Similarly, the British Journal of Midwifery has six papers with these words in the title stretching right back to 1994. A Google Scholar search for the words ‘feminist’ and ‘midwifery’ in a book or journal paper title resulted in just 25 hits spanning several decades of publishing. Whilst the subject of feminism and the maternity services may have been raised in more specialised academic journals, it is notable that this discussion is largely absent from the professional journals that are most likely to be read by practising midwives. We can only speculate as to why this is the case. Our experience with teaching gender perspectives with undergraduate and postgraduate midwifery students is that many have internalised negative stereotypes about feminists from second wave feminism. Research in this area suggests that while women may express feminists values, many do not publicly identify themselves as feminist because they believe others, in particular men, will have negative views of them (Roy et al 2007). Typically these stereotypes include characteristics like being anti-male, stubborn, angry and egotistical (Twenge & Zucker 1999). There is some recent evidence that generation Y (born between1980s and early 2000s) may no longer hold thesestereotypes and are more willing to self-identify as a feminist, for example the ‘I am a feminist because…’ campaign (Tumblr 2013) which started on college campuses in the USA in 2013 before spreading to a number of UK university campuses.

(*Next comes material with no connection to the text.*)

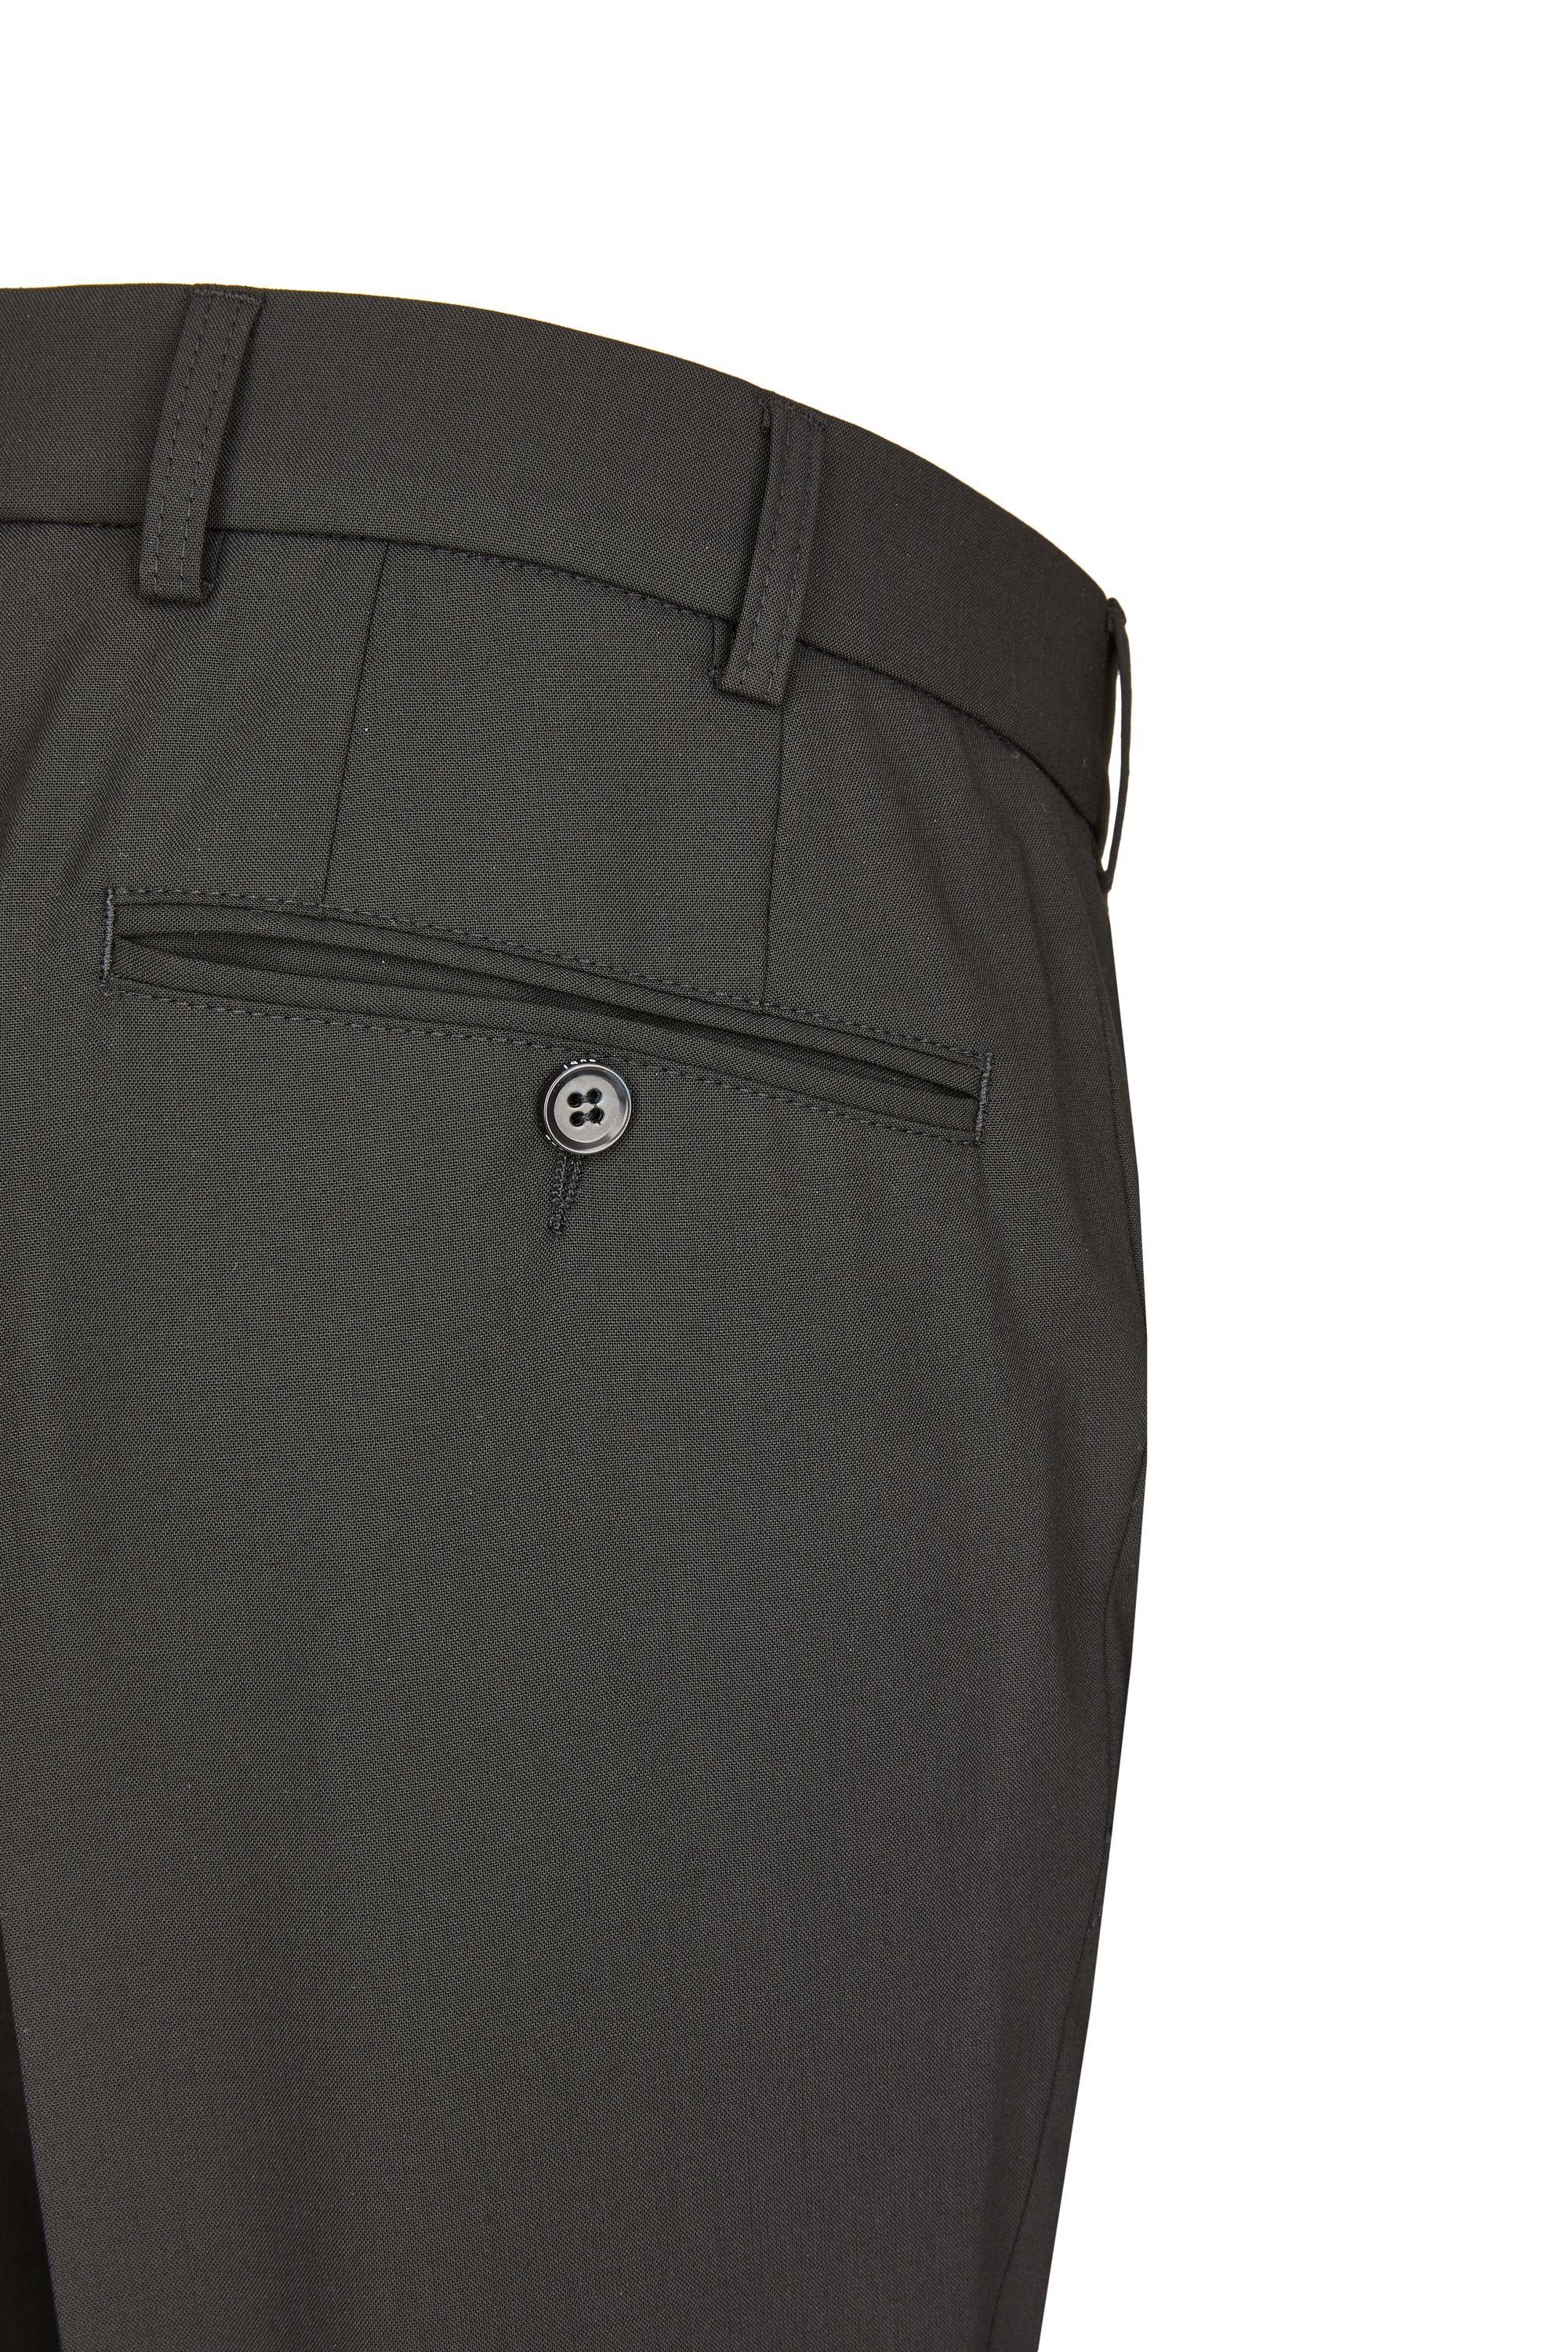 (50) Cool schwarz Perfect Anzughose Businesshose Front Finish Sommer Herren Fit Flat 26 Stoffhose aubi aubi: Modell

The struggle for gender equality began with first wave feminism fighting for the end of slavery and for women’s suffrage covering the period from 1830 to 1930 (Walters 2005). The second wave can be traced from the 1960s to the early 1980s and addressed equal opportunities, anti-discrimination policies and reproductive rights (Evans 1995). Third generation feminists arose in the early 1990s and foregrounded differences between women, giving voice to marginalised groups within the broader constituency of women. It was also responding to the perceived failures of the second wave to roll out the gains in political and economic freedoms far beyond universal suffrage to representation at the highest level of politics, business and the professions. Third wave feminists also challenged binaries like male/female, deconstructing gender stereotypes, making space for men to be feminists too (Gillis et al 2007). The third wave morphed into the fourth wave from the early 2000s, especially in the UK, giving rise to a myriad of groups addressing a range of issues like sexist behaviours, objectification of women, gender violence and persistent economic inequality. The fourth wave is distinguished by the harnessing of the internet for debate and dissemination purposes (Cochrane 2013). These waves of feminism in broader society are reflected in the childbirth realm by women’s struggles over the past 50 years for birthing autonomy (Edwards 2005), by resistance to the ongoing medicalization of childbirth across the world (Johanson et al 2002) and by the historically conflictual relationship between midwives and obstetricians (Donnison 1988). Competition for control over the terrain of childbirth remains an enduring feature of the maternity care landscape.